Isotope analysis documents transition to agriculture in the Balkans

Mesolithic foragers were gradually assimilated into farming communities.

The Iron Gates are a series of gorges situated on the Danube between the Carpathian Mountains and the Dinaric Alps. In the early millennia after the last Ice Age, the region supported a number of sedentary or near-sedentary Mesolithic communities. At the sites of Lepenski Vir, Padina and Vlasac, fishers exploited migratory sturgeon, catfish, carp and other species (Borić, 2002).

There is no evidence for long-distance interactions during the early Mesolithic period from 9500 to 7400 BC, but these increased during the period from 7400 to 6200 BC. Archaeological evidence is based on the presence of the marine gastropods Columbella rustica and Cyclope neritea, which must have come from coastal regions more than 400 km (250 miles) away. This period was characterised by long-lasting and evidently successful communities. A large number of burials have been excavated, with bodies typically in the extended supine position characteristic of Mesolithic inhumations (Borić & Price, 2013).

The period between 6200 and 6000 BC saw a Mesolithic to Neolithic transition in the region, and was characterised by cultural hybridity (Borić & Price, 2013). At Lepenski Vir, remarkable trapezoidal, semi-subterranean, flat-roofed dwellings were constructed on the banks of the Danube (Borić, 2002). They varied in size from 5 to 30 sq. m. (54 to 320 sq. ft.), with the wider ends facing the river. The floors were dug 0.5 to 1.5 m (1 ft. 8 in. to 3 ft. 3 in.) into the terraced slopes of the river bank, and were surfaced with reddish limestone plaster. Inside, elongated pits lined with limestone blocks served as hearths (Mithen, 1994; Borić, 2002). Many houses contained burials, although burials were also placed outside houses (Radovanovic, 2000). Human/fish anthropomorphic sculptures carved from boulders were also found in many of the houses. These have been interpreted as evidence of a belief system characterised by a totemic relationship between humans and the fish that were so vital to their subsistence economy (Borić, 2005). In addition to these indigenous elements, Neolithic elements including pottery and polished stone axes appeared at Lepenski Vir (Borić & Price, 2013).

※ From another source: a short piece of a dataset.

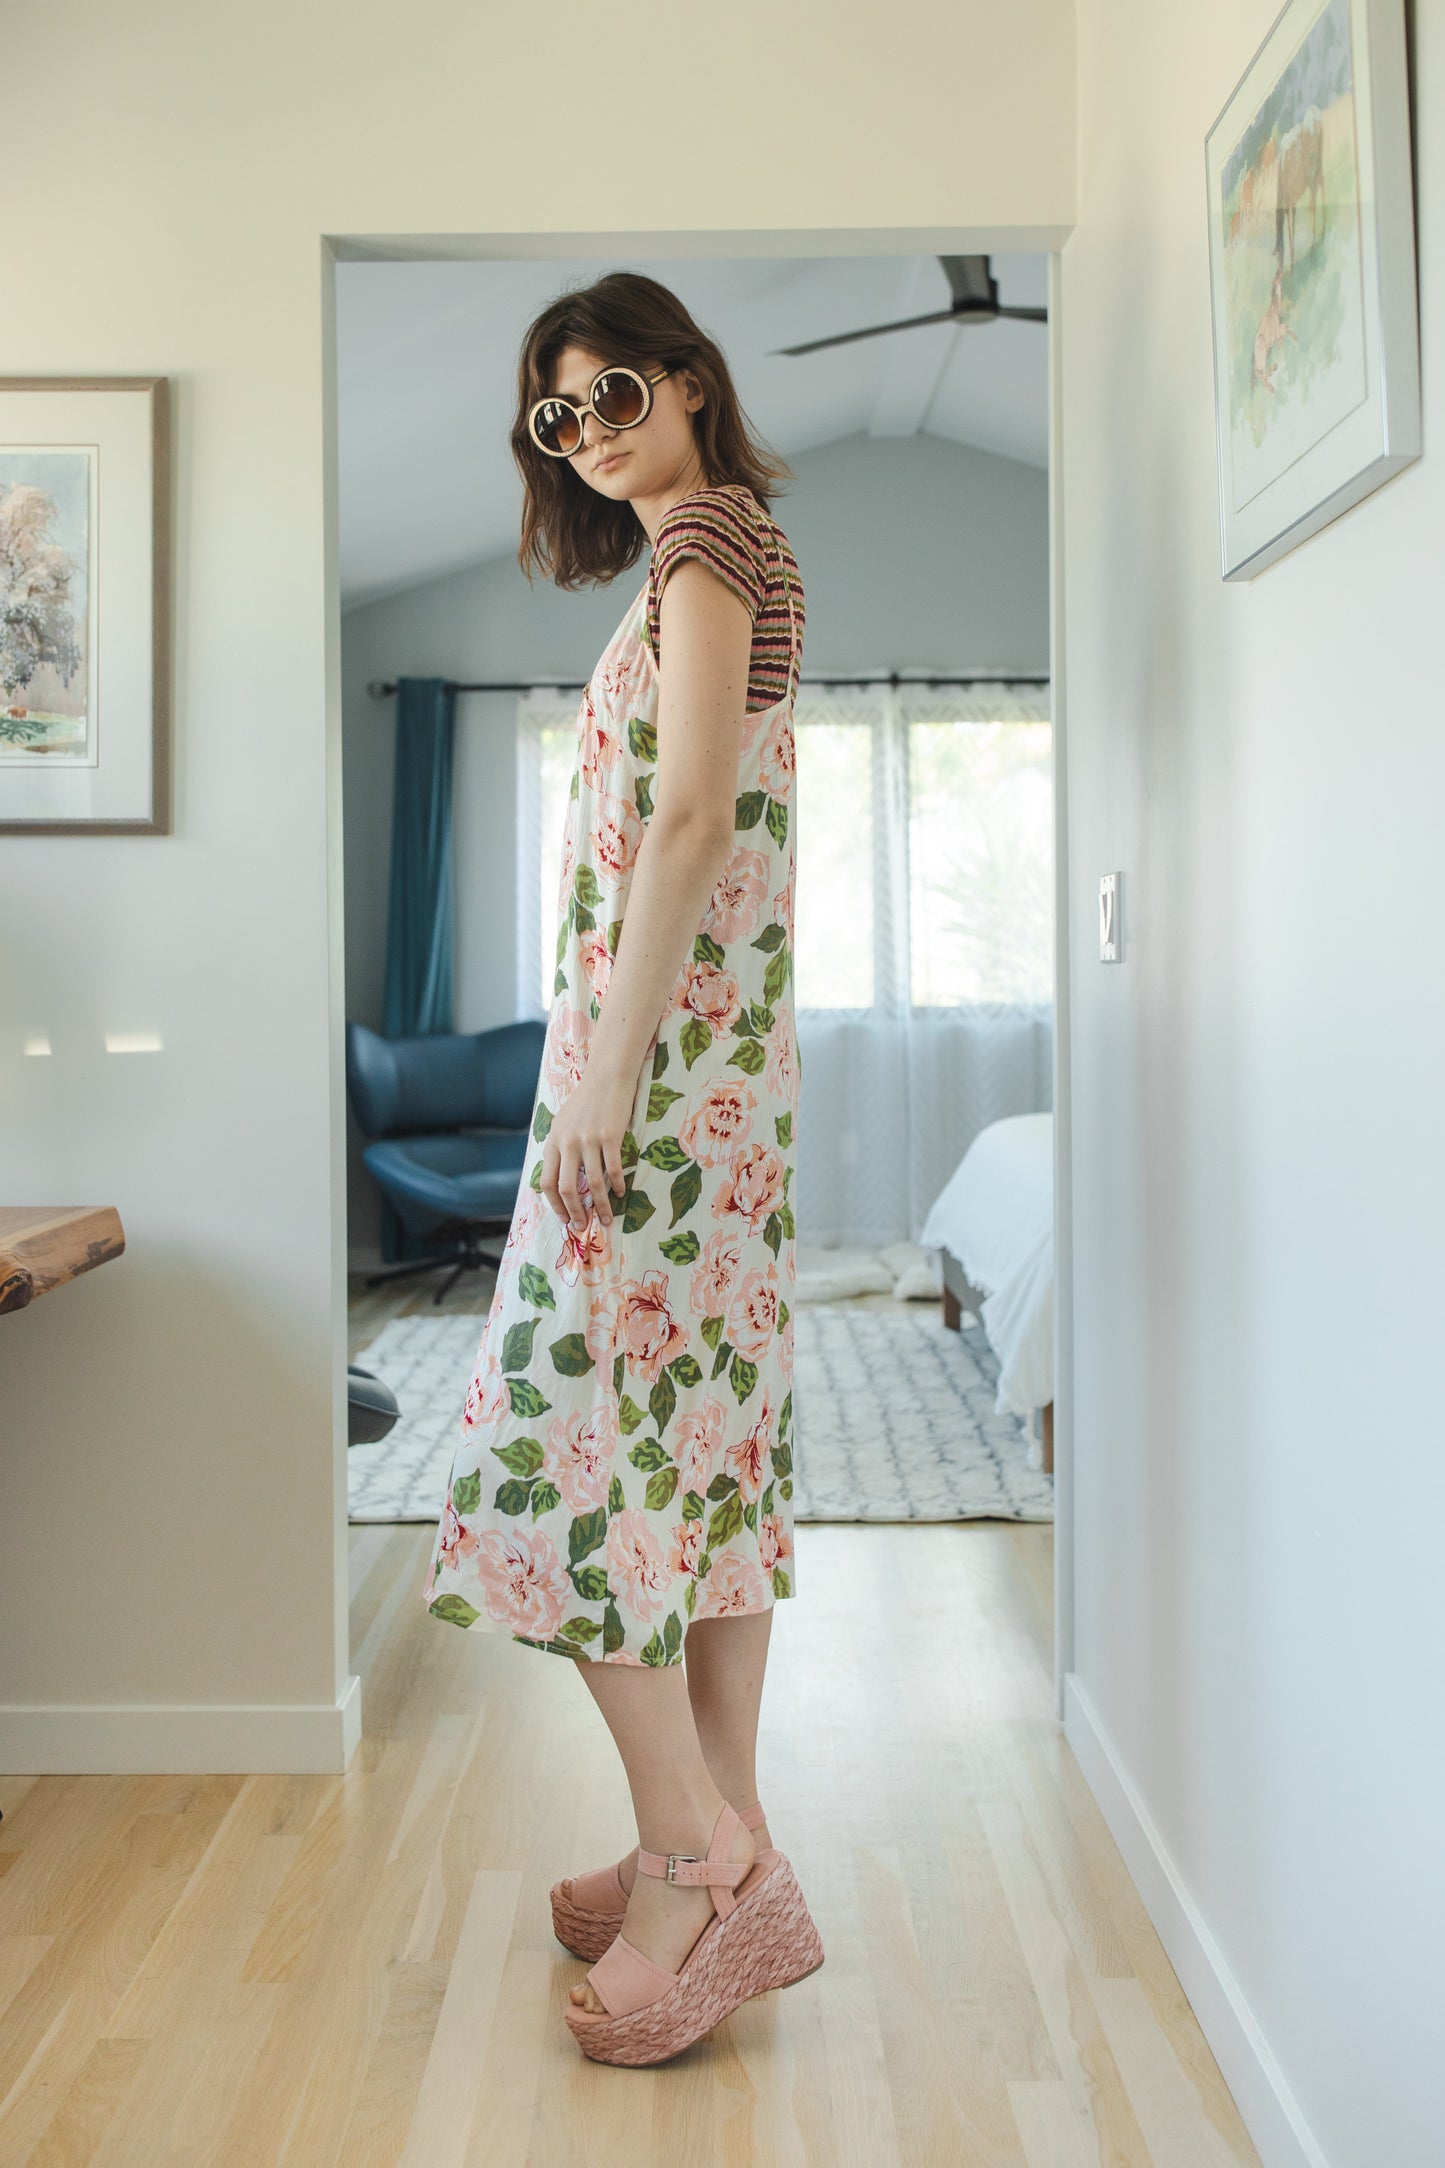 Midi slip dress with an ivory base color, adorned with floral rose print pattern featuring shades of green and pink. It features slender straps with a straight silhouette and relaxed fix, allowing for a beautiful drape and flowy movement. It's designed for a light, airy feel, suitable for warm weather or layered for cooler days.

At this stage, the lack of domesticated animals at suggests that subsistence patterns remained unchanged. Mortuary practices were still characterised by typical Mesolithic extended supine burials during this period. However, the Early Neolithic site of Ajmana, in the downstream area of the gorges, was contemporary with these indigenous forager communities. By 6000 BC, further changes were evident in the region with the first appearance of crouched/flexed burials characteristic of the Neolithic period. The trapezoidal buildings of Lepenski Vir were replaced by more typical Neolithic constructions, and there was an increase in the number of settlements across the region as a whole (Borić & Price, 2013).

In total, over 500 graves have been excavated from the Mesolithic and Early Neolithic periods in the Danubian Iron Gates, and stable isotope analysis of the remains has provided considerable insight into the transition to agriculture in the region. Dietary data inferred from carbon and nitrogen isotope analysis of bone collagen suggests that after around 6200 BC, there was a shift from the Mesolithic reliance on the locally-abundant fish to a cereal-based diet. Strontium isotope data from dental enamel indicate that at the same time, burials of non-local first-generation migrants increased significantly. These burials are predominantly of the crouched/flexed type. Notably, 87Sr/86Sr ratios of these migrants fall both above and below local values, suggesting that they originated from at least two geologically-distinct regions. The dating of remains suggests that they might have arrived in several waves (Borić & Price, 2013).

Paradoxically, it appears that during the earliest stages of the Neolithic in southeastern Europe, Neolithic farmers were more mobile than the indigenous foragers, who remained tied to their Danubian fishing niche. The data from Lepenski Vir shows that during the transitional period, more nonlocal women than men were buried at the site. The suggestion is that women came to the site from Neolithic communities as part of an ongoing social exchange. At the same time, the numbers of Neolithic-type artefacts at the site testify to an increasing Neolithic presence in the region, and the Mesolithic way of life came under growing pressure. The period of co-existence lasted for two centuries between 6200 and 6000 BC, but in the centuries thereafter the foragers were completely absorbed into the farming communities and their way of life finally vanished (Borić & Price, 2013).


1. Borić, D., The Lepenski Vir conundrum: reinterpretation of the Mesolithic and Neolithic sequences in the Danube Gorges. Antiquity76 (294), 1026–1039 (2002).

2. Borić, D. & Price, D., Strontium isotopes document greater human mobility at the start of the Balkan Neolithic. PNAS 110 (9), 3298–3303 (2013).

3. Mithen, S., in Prehistoric Europe, edited by Cunliffe, B. (Oxford University Press, Oxford, 1994), pp. 79-135.

4. Radovanovic, I., Houses and burials at Lepenski Vir. European Journal of Archaeology 3 (3), 330-349 (2000).

5. Borić, D., Body Metamorphosis and Animality: Volatile Bodies and Boulder Artworks from Lepenski Vir. Cambridge Archaeological Journal 15 (1), 35–69 (2005).